Download steps

Data use application to NBDC

You may search JGA data at the list of researches at the NBDC Human Database. DDBJ Search is also available, however, regular indexing of new data will be implemented in November 2020. Until this implementation, new JGA data are not indexed.

Take notes of JGA Dataset accession number(s) you want to use. For example, JGAD000001 (or JGAD00000000001 in the previous accession number format)

Apply the data use application in the NBDC Application system. In the application, create a data user group, specify requesting Study (for example, JGAS999992) and Dataset (for example, JGAD999993) accessions and register a public key for the dataset encryption. After the application is approved by NBDC, datasets will be accessible in the JGA server.

To apply the application, a D-way account is required. If you do not have an account, please create your D-way account and register a public key for authentication.

It takes about 10 minutes for the created D-way account becoming active in the NBDC application system.

The JGA datasets download and access steps are described below.

Data user group

Before starting the application, create a data user group. In the following example group (usergrp1), an owner is researcher (account_b) who apply the application and download the data, and a member is PI (account_c).

Data user group
Data user group

Start the application and select the group.

Start data use application
Start data use application
Select the data user group
Select the data user group

Public key for dataset encryption

For security, the JGA datasets are encrypted by the public key for dataset encryption registered by the applicant in the data use application. The applicant needs to first decrypt the datasets downloaded by scp by using the private key.

The public key for dataset encryption is different from the public/private key pair for the D-way account authentication.

Generate a public and private key pair for dataset encryption

Generate a public/private key pair for encrypting datasets in each data use application. Please see "Generate public and private key pair" for details.

Register the public key for dataset encryption in the data use application system.

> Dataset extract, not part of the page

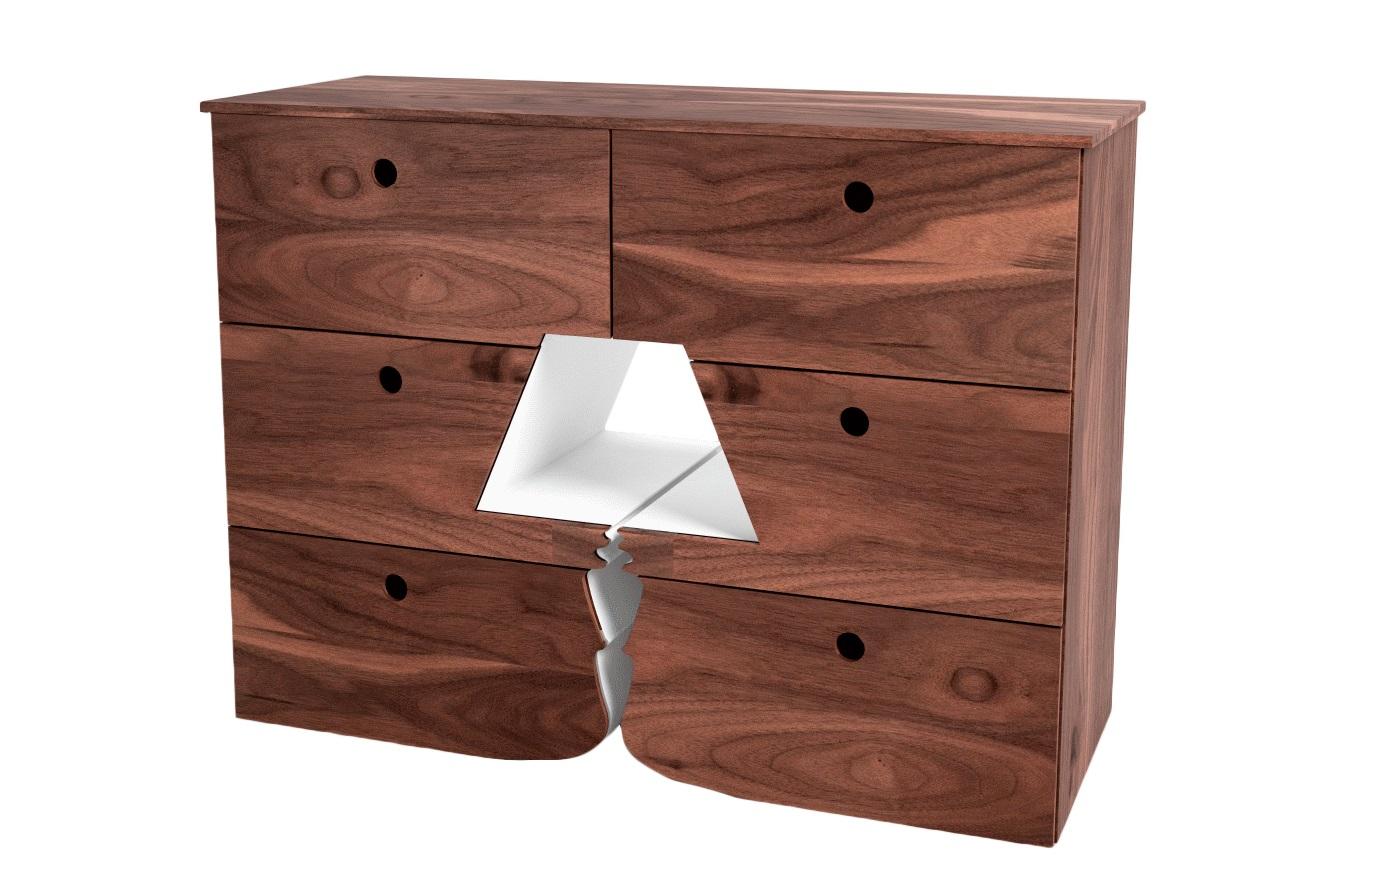 Комод ЛампаБельевые комоды<br>Креативный и оригинальный комод со сквозным отверстием в форме лампы!<br>Ящики выдвигаются, комод функциональный<br>Материал: МДФ, шпон, эмаль<br>Установка не требуется<br><br>Material: МДФ<br>Width см: 123<br>Depth см: 45<br>Height см: 95

Registration of the public key for dataset encryption

Register the public key for dataset encryption in the NBDC data use application.

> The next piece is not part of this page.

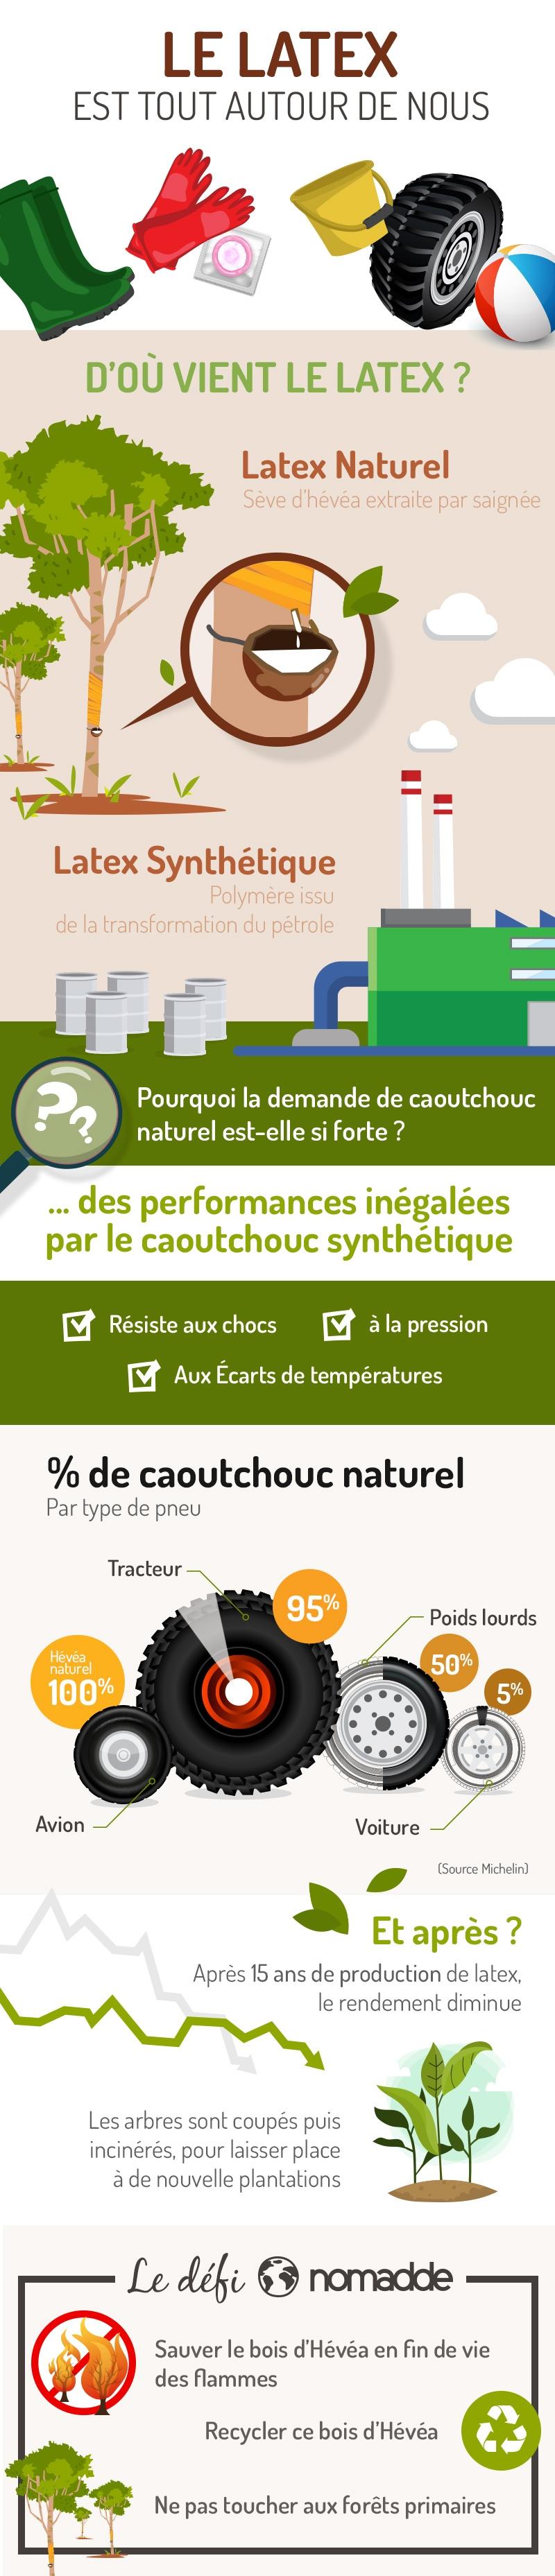 Infographie Histoire des meubles en bois d'GHévéa et le Latex

Registration of the public key for dataset encryption
Registration of the public key for dataset encryption

Data use application approval and download

Data use application approval

After the application is approved by NBDC, metadata, encrypted data files and decryption tools is created in the download directory in the JGA server.

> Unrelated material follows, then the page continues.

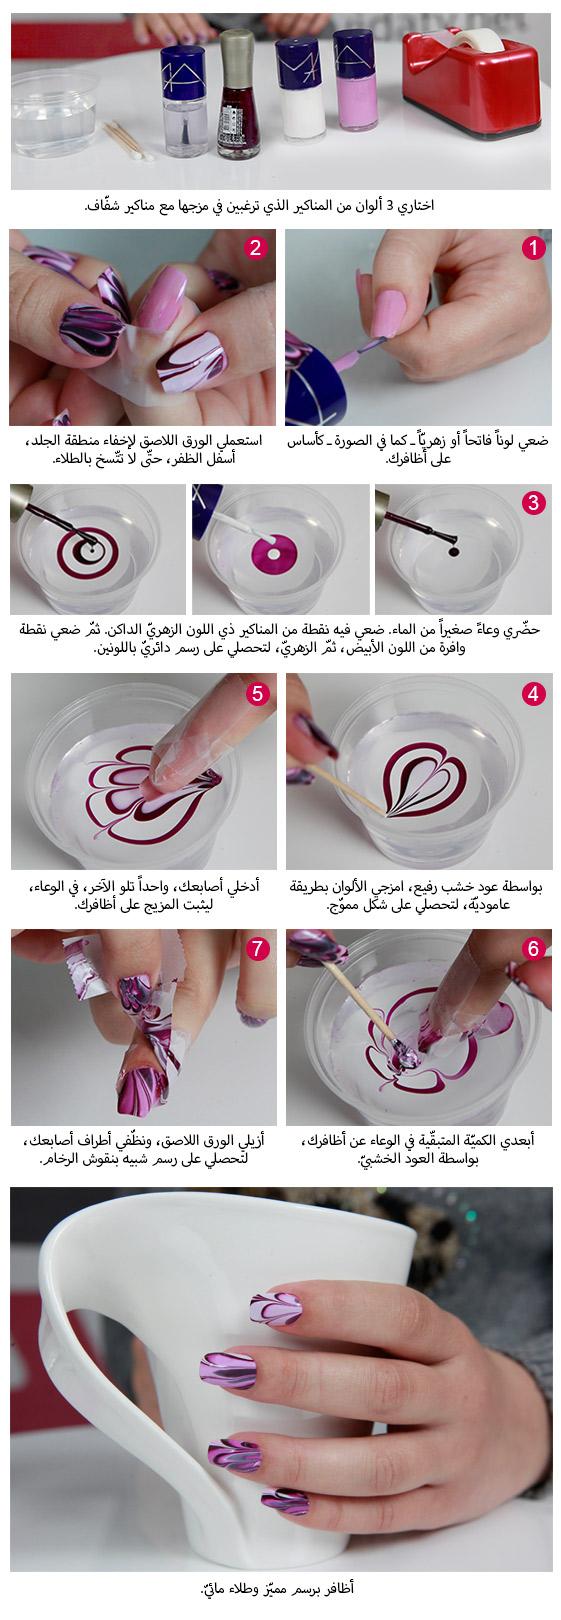 رسم الاظافر بالماء،طريقة رسم الاظافر بالماء،خطوات رسم الاظافر بالماء

Data use application approval
Data use application approval

Download

To download files from the JGA server by scp, you need to register a center name and a public key to your D-way account. Access to the JGA server is restricted by IP addresses. Inform your IP address of your connecting source to NBDC in application form.

In the "/controlled-access/download/jga/" directory in the JGA file server (jga-gw.ddbj.nig.ac.jp), the DU number directory is created. Download the directory by scp. Because the scp requires public/private key authentication, specify the private key registered to your D-way account for authentication (this is different from the private key for dataset decryption).

Example

  • D-way account: account_b
  • Data use application number: J-DU999991
$ scp -P443 -i private-key-for-auth -r account_b@jga-gw.ddbj.nig.ac.jp:/controlled-access/download/jga/J-DU999991 .

-P: specify the port number 443

-i: specify the private key paired with the public key registered to the D-way account for authentication

Login to the JGA file server by ssh.

$ ssh -p443 -i private-key-for-auth account_b@jga-gw.ddbj.nig.ac.jp

-p: specify the port number 443 (use lowercase "p" for ssh)

-i: specify the private key paired with the public key registered to the D-way account for authentication

In the DU directory, there are Study directory and tools directory which contains the decryption tools. The Dataset directory under the Study directory contains metadata in tab-delimited text (tsv) and XML formats, and the Data and Analysis directories contain encrypted data files.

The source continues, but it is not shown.